Access: Local-only, binds to localhost. CORS: Disabled (local-only access). Headers: Supports Mcp-Session-Id for session management.

3. MCP Integration

Transport: Uses MCPs stdio transport to communicate with a local MCP adapter. Session Management: Initializes an MCP session per service configuration using the initialize method, maintaining unique Mcp-Session-Id per service. Method Calls: Maps HTTP POST requests to MCP tools/call method invocations, passing JSON payloads as parameters. Error Handling: Translates MCP errors into HTTP status codes (e.g., 400 for invalid params, 500 for server errors).

4. Configuration

File Format: YAML configuration files (e.g., config.yaml, service1.yaml, service2.yaml) loaded at startup. Main Config Structure (config.yaml):port: 8080 services:

  • name: "default" config: "service1.yaml"
  • name: "alternate" config: "service2.yaml"

port: HTTP server port. services: List of MCP service configurations.

Service Config Structure (e.g., service1.yaml):serviceName: "default" endpoints:

  • path: "/example" mcp_method: "tools/call" tool_name: "example_tool"

serviceName: Unique identifier for the MCP service. endpoints: Array of endpoint mappings. path: HTTP path (e.g., /example). mcp_method: MCP method to invoke (e.g., tools/call). tool_name: MCP tool name to call.

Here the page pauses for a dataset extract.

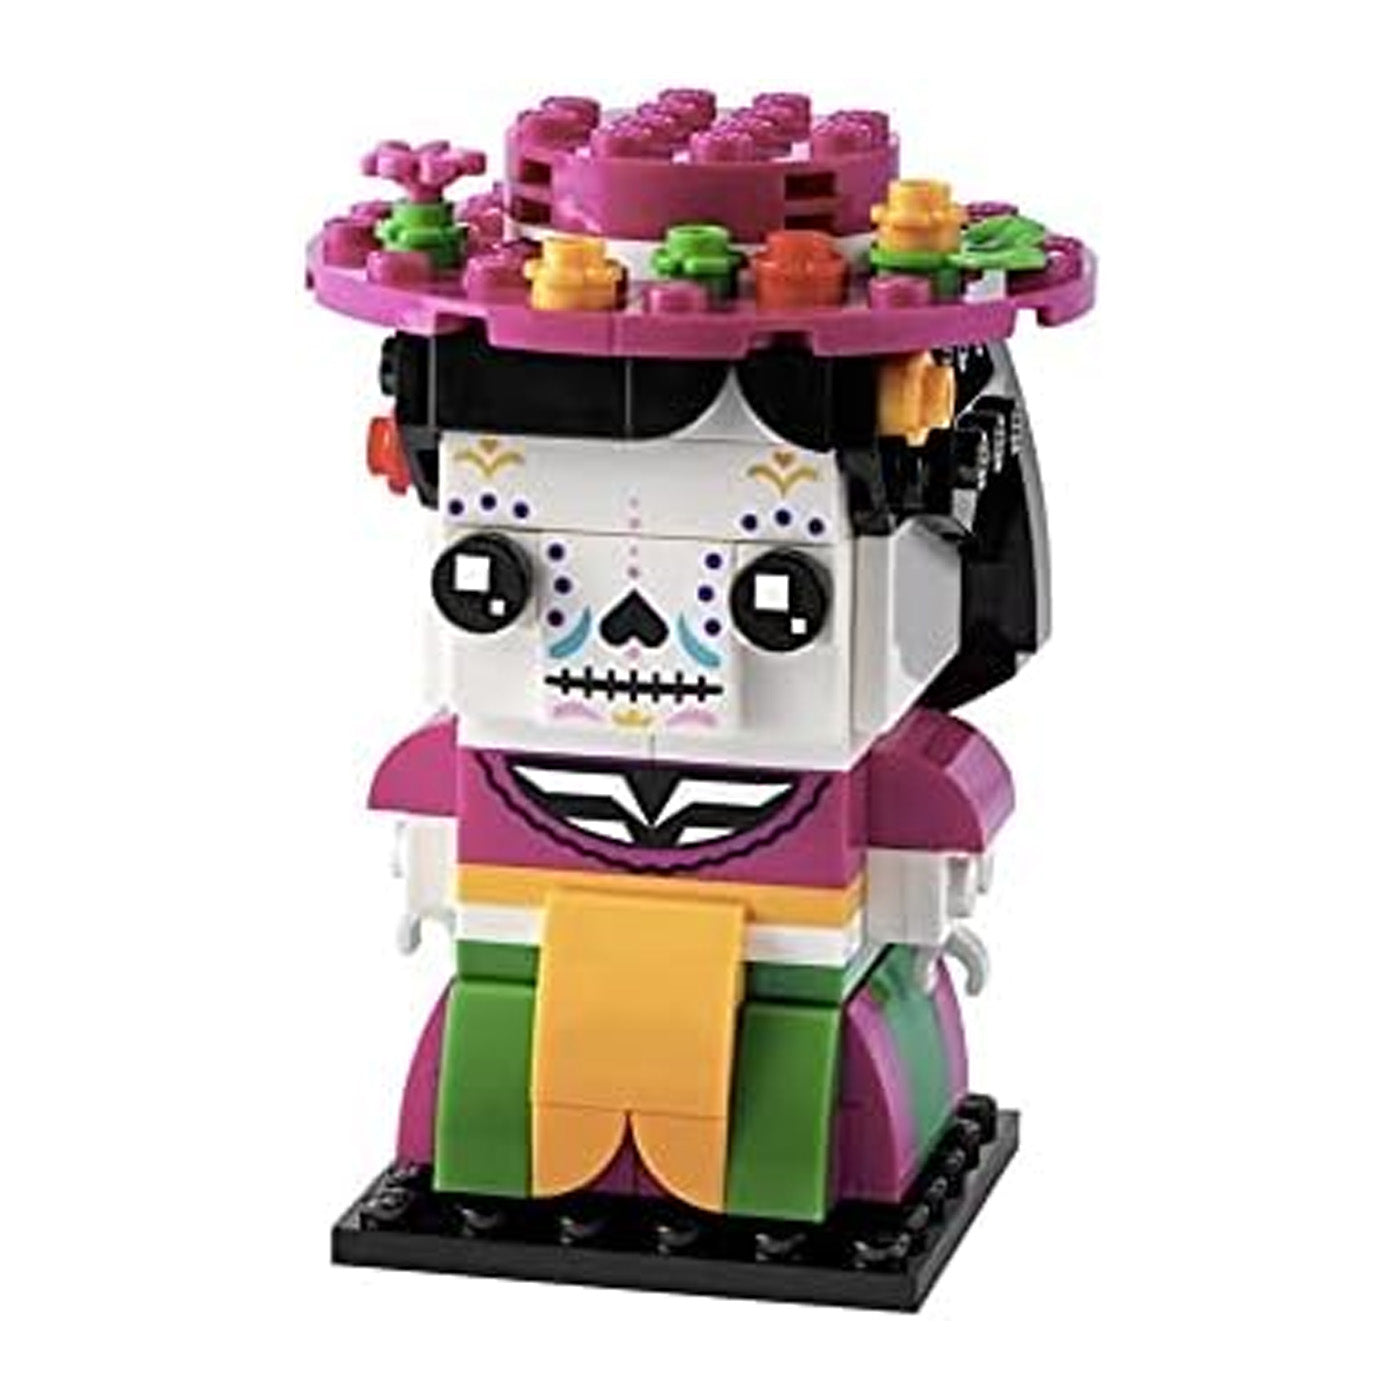 LEGO Brick Headz: La Catrina 149 Set 40492
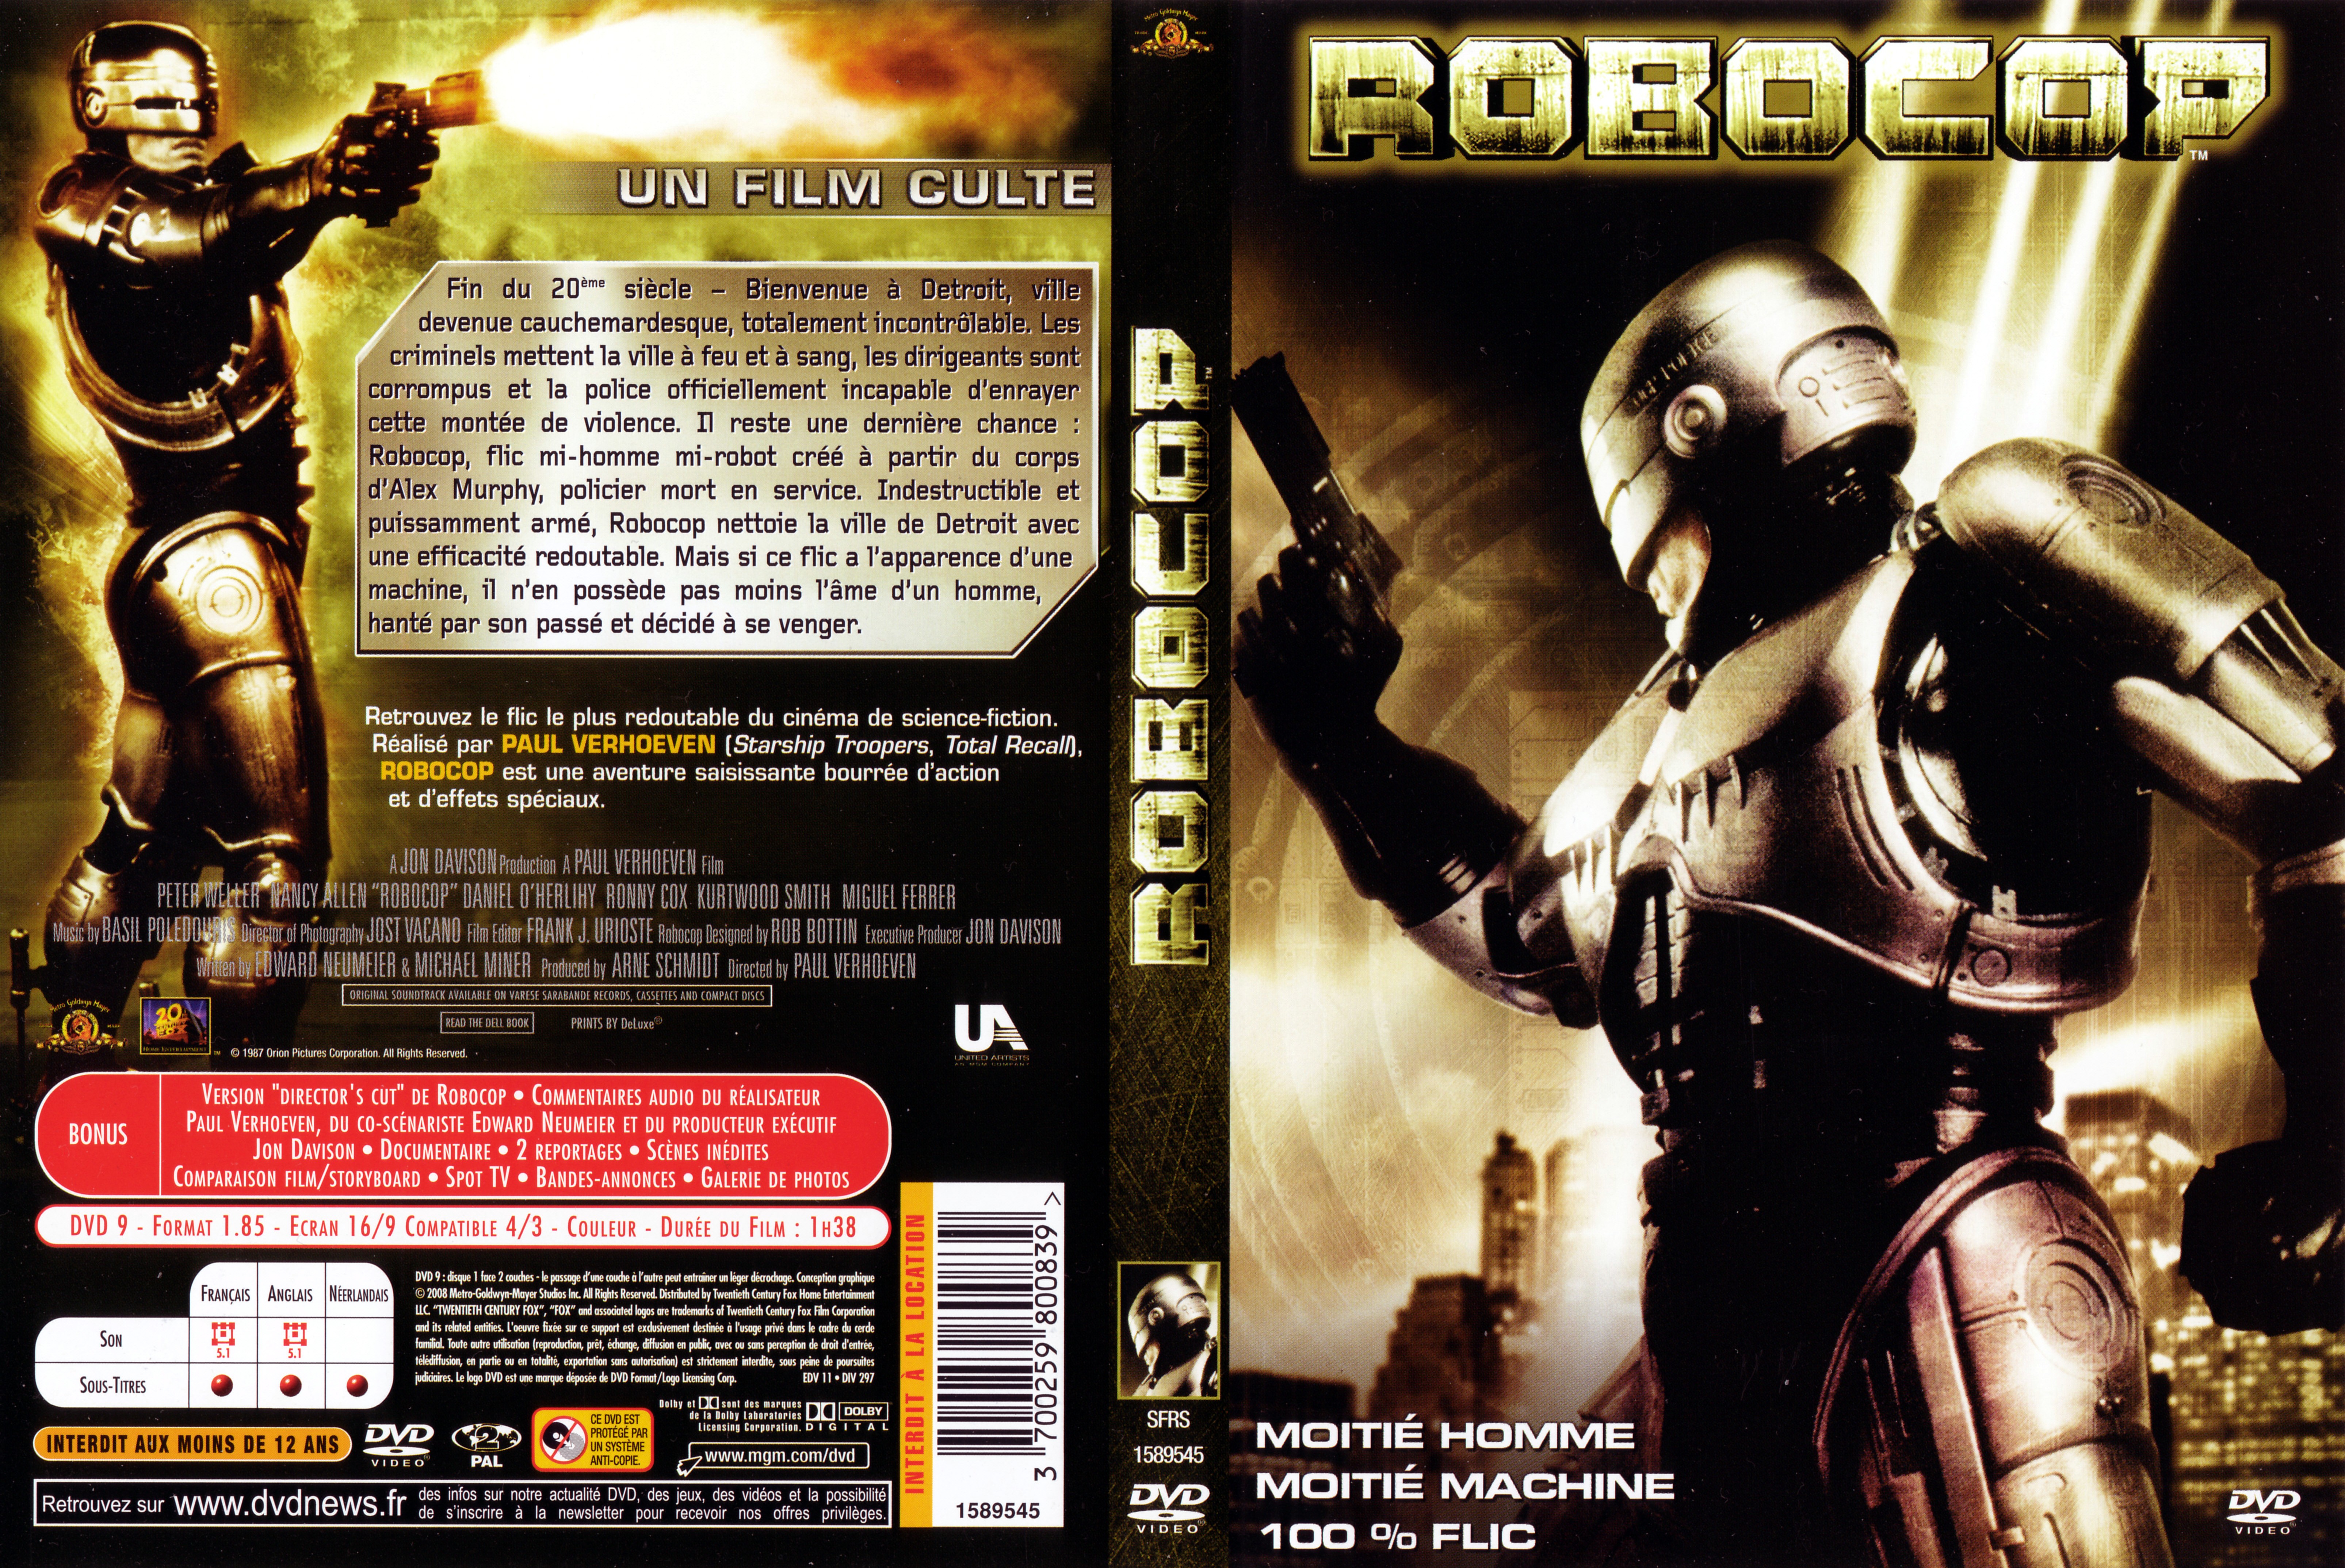 Jaquette DVD Robocop v5

Modularity: Multiple service configurations (e.g., service1.yaml, service2.yaml) can be loaded, each defining unique endpoints and tools. HTTP requests specify the service via a query parameter (e.g., POST /example?service=default). Reload: Supports dynamic config reload via SIGHUP signal or endpoint (e.g., POST /reload).

5. Modularity

Endpoint Extensibility: Add new HTTP endpoints by updating service YAML files without modifying the binary. Service Extensibility: Support multiple MCP services by loading additional YAML configs, each with its own session and endpoint mappings. Request Handling: Modular handler chain to route requests based on service query parameter, validate payloads, and dispatch to the correct MCP service. MCP Client: Reusable MCP client module for stdio communication, supporting multiple concurrent sessions for different services.

6. Input/Output

HTTP Request: Method: POST Path: Configured endpoint (e.g., /example?service=default). Body: JSON payload (e.g., {"key": "value"}). Headers: Content-Type: application/json.

HTTP Response: Status: 200 (success), 400 (invalid request/service), 500 (server error). Body: JSON response from MCP (e.g., {"jsonrpc": "2.0", "result": {...}, "id": 1}).

MCP Interaction: Sends JSON-RPC 2.0 requests to the local MCP adapter via stdio, scoped to the specified services session. Forwards MCP responses toHTTP client.

Non-Functional Requirements

Performance: Handle up to 100 concurrent HTTP requests with minimal latency (<100ms for local MCP calls). Security: Local-only access (binds to localhost). No authentication required, as the service is not exposed externally. Dependencies: Use Go standard library and minimal packages (e.g., encoding/json, net/http, gopkg.in/yaml.v3). Logging: Log requests, responses, and errors to stdout with configurable verbosity via flag (e.g., -v). Error Handling: Graceful handling of MCP failures, invalid configs, missing services, or malformed requests.

Constraints

MCP communication is via stdio to a local MCP adapter only. One MCP session per service configuration. No persistent storage; configurations are file-based. Local-only access (no remote binding).

Assumptions

A local MCP adapter is running and accessible via stdio. Users have Go installed or can download a prebuilt binary. YAML configuration files are valid and present at startup.

Deliverables

Go source code for the mcp-bridge binary, located in the ./src directory. Test suite located in the ./test directory. Pre-compiled, multi-architecture binaries located in the ./dist directory and tracked in Git. build-test-deploy.sh: A script to compile the binary for multiple architectures, run tests, and place artifacts in the ./dist directory. install.sh: An installation script for users to easily download and install the binary. Sample config.yaml and service1.yaml with one endpoint mapping. README with installation, configuration, and usage instructions. Basic test suite for HTTP endpoint handling, service routing, and MCP communication.